双極性障害(躁うつ病)のある方が働くために、仕事探しのポイントとアドバイス

そう状態と抑うつ状態を反復する双極性障害(躁うつ病)。仕事が原因だという方もいらっしゃるかもしれません。また双極性障害(躁うつ病)になったことで、仕事を続けられなくなった方もいることでしょう。

例えば
・今の仕事を続けるべきなのか?
・新しい仕事を探すべきなのか?
・そもそも今から仕事を見つけることはできるのか?
・新しい職場で続けられるのか?
このような不安を感じたり悩んだりすることはありませんか?

そのような方は、同じように境遇の方々の声に耳を傾けてみましょう。実体験は、不安を少しずつ取り除くのに役立ちます。

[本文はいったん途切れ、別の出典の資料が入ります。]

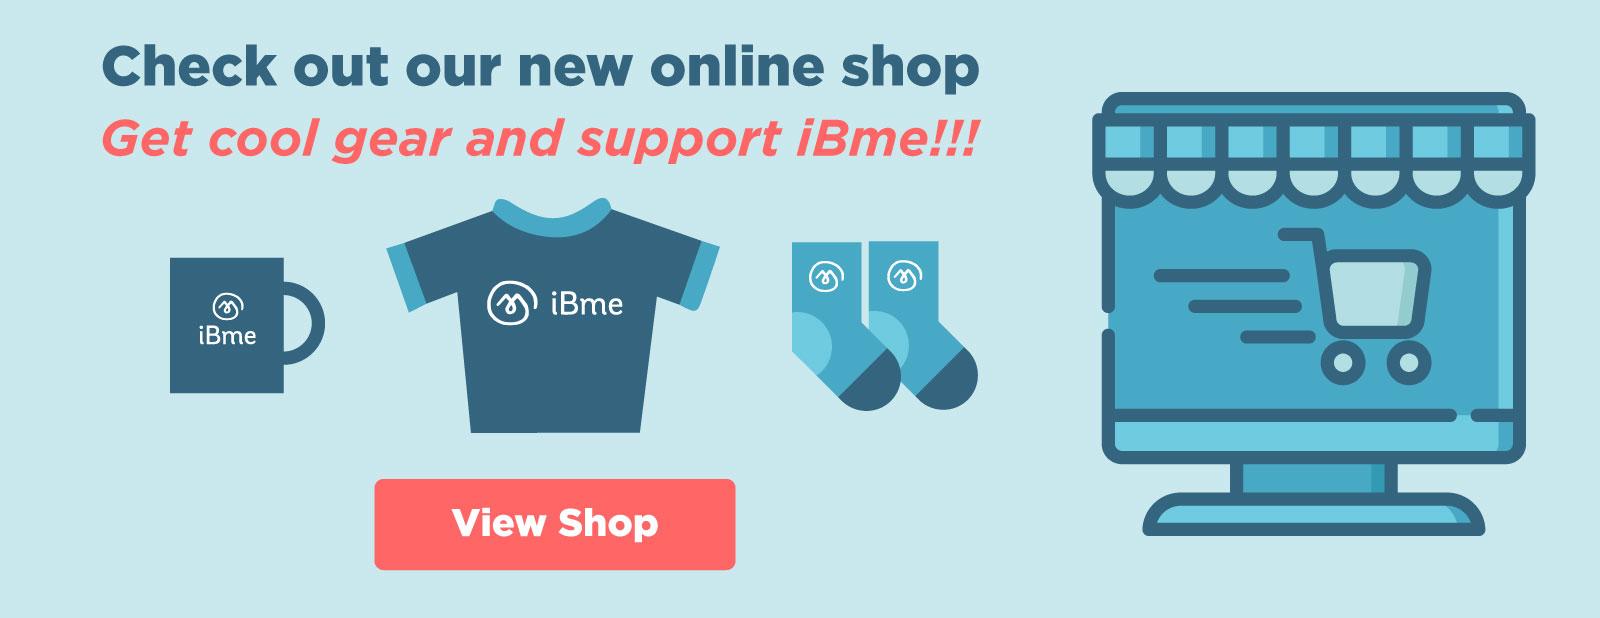 iBme Online Shop
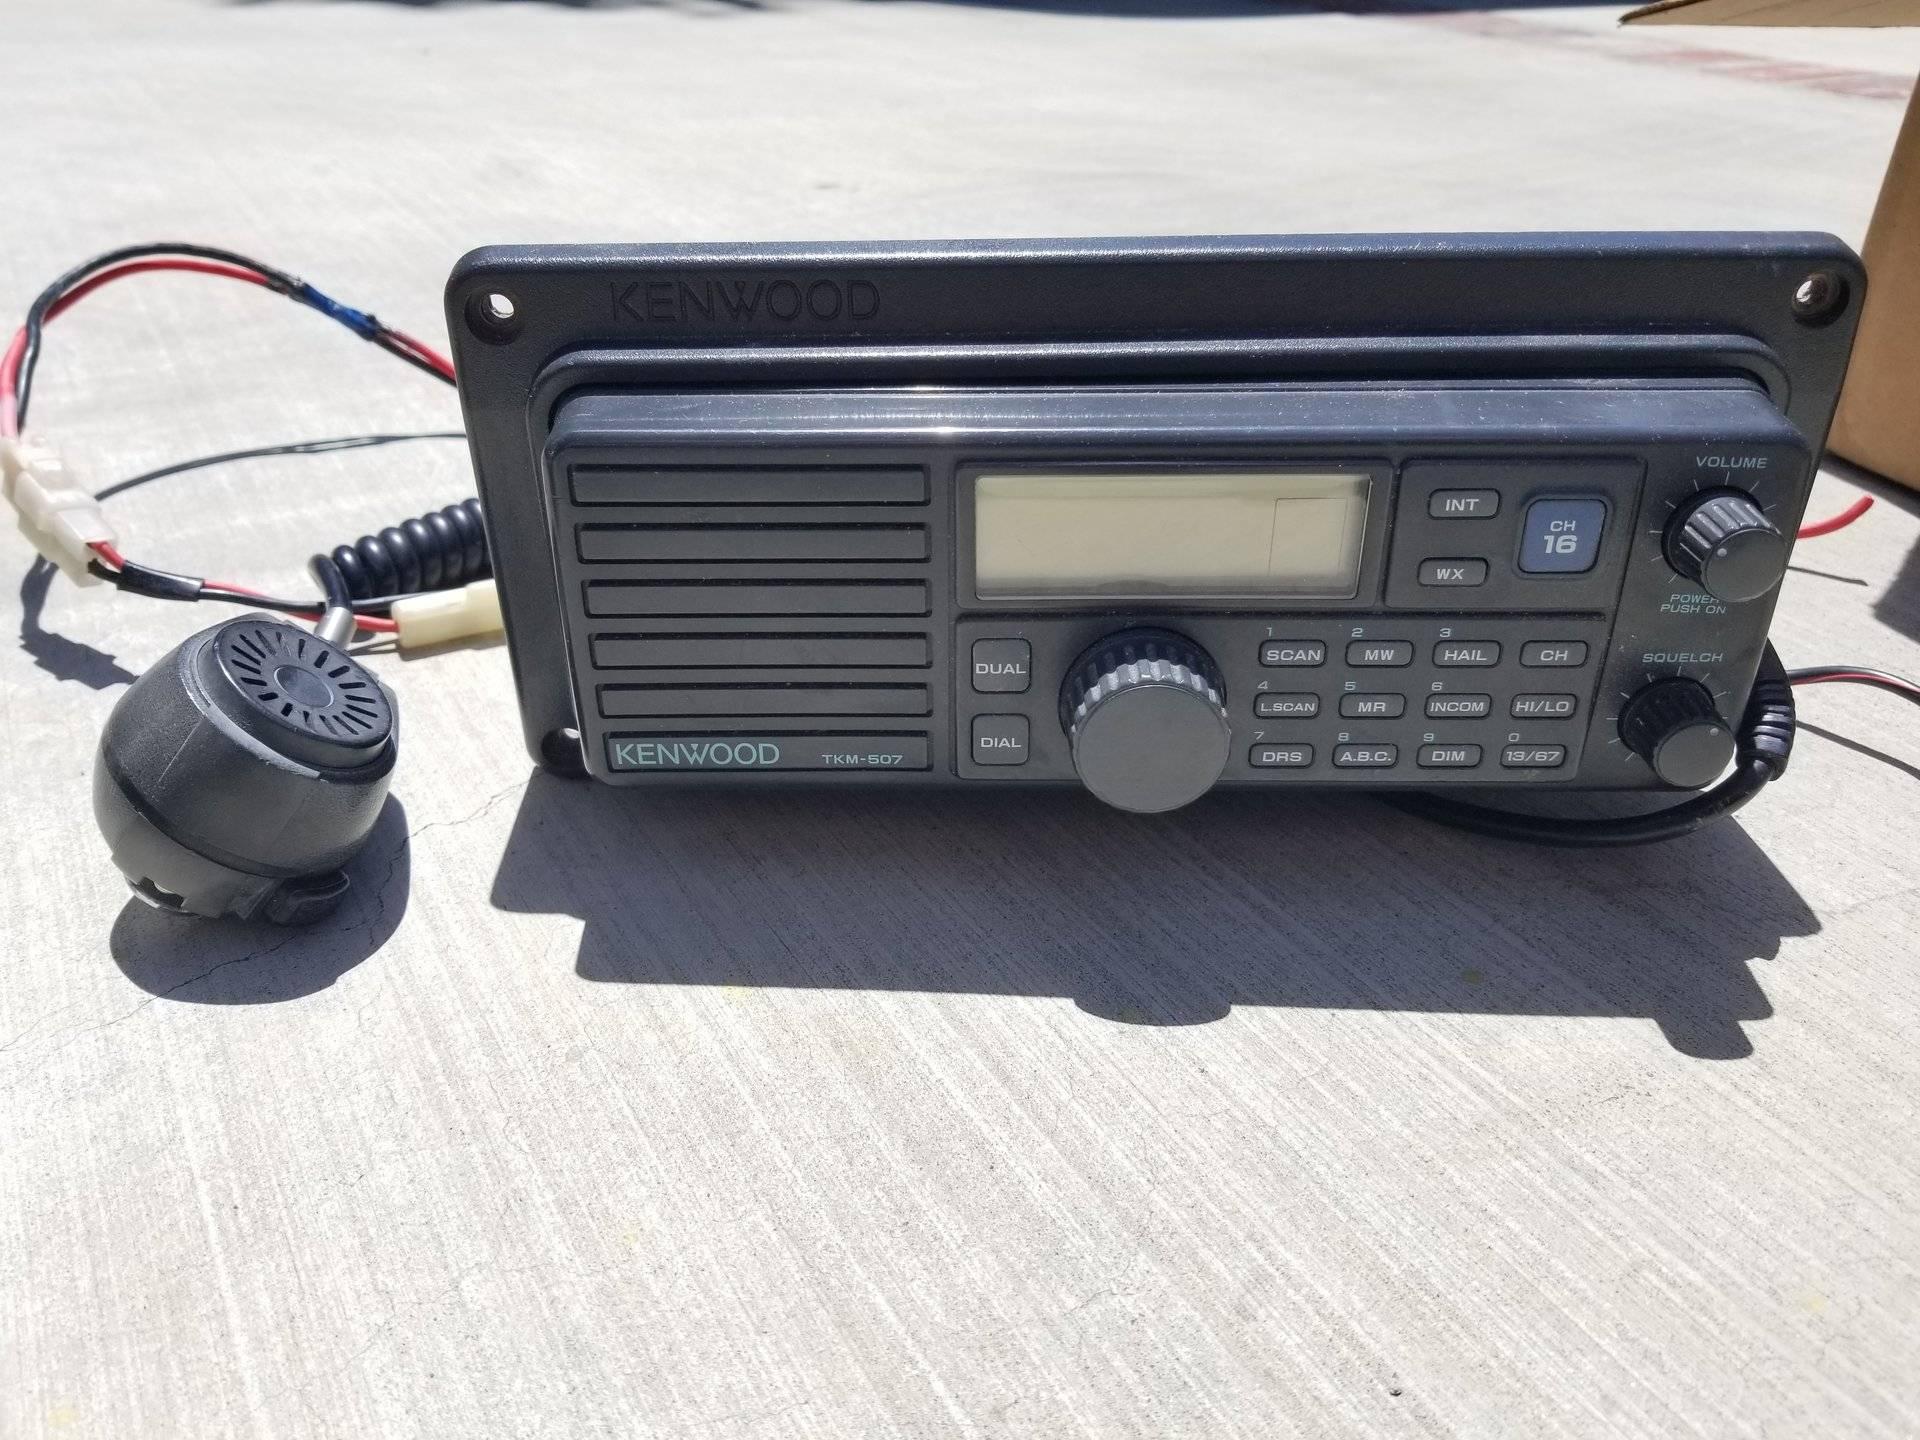 SOLD - Electronics Lot - Simrad NSE 8, 1KW Airmar B260, VHF

このコラムでは、双極性障害(躁うつ病)のある方から寄せられた口コミをもとに、仕事探しのポイントや就職後の心がけなどをまとめてみました。

また、障害者雇用の専門家みちしたさん(社会福祉士、精神保健福祉士)にもアドバイスをいただきました。

仕事に悩んでいる方、これから就職や転職を考えている双極性障害(躁うつ病)のある方のお役に立つことを願っています。

*この記事はみちしたさんに監修していただきました
みちしたさん

社会福祉士・精神保健福祉士(ソーシャルワーカー、精神科ソーシャルワーカー:社会福祉専門職の国家資格)の資格を持つ。障害者支援施設にて支援員を8年経験した後、福祉資格を持つ地方公務員として採用され、ソーシャルワーカーとして活躍。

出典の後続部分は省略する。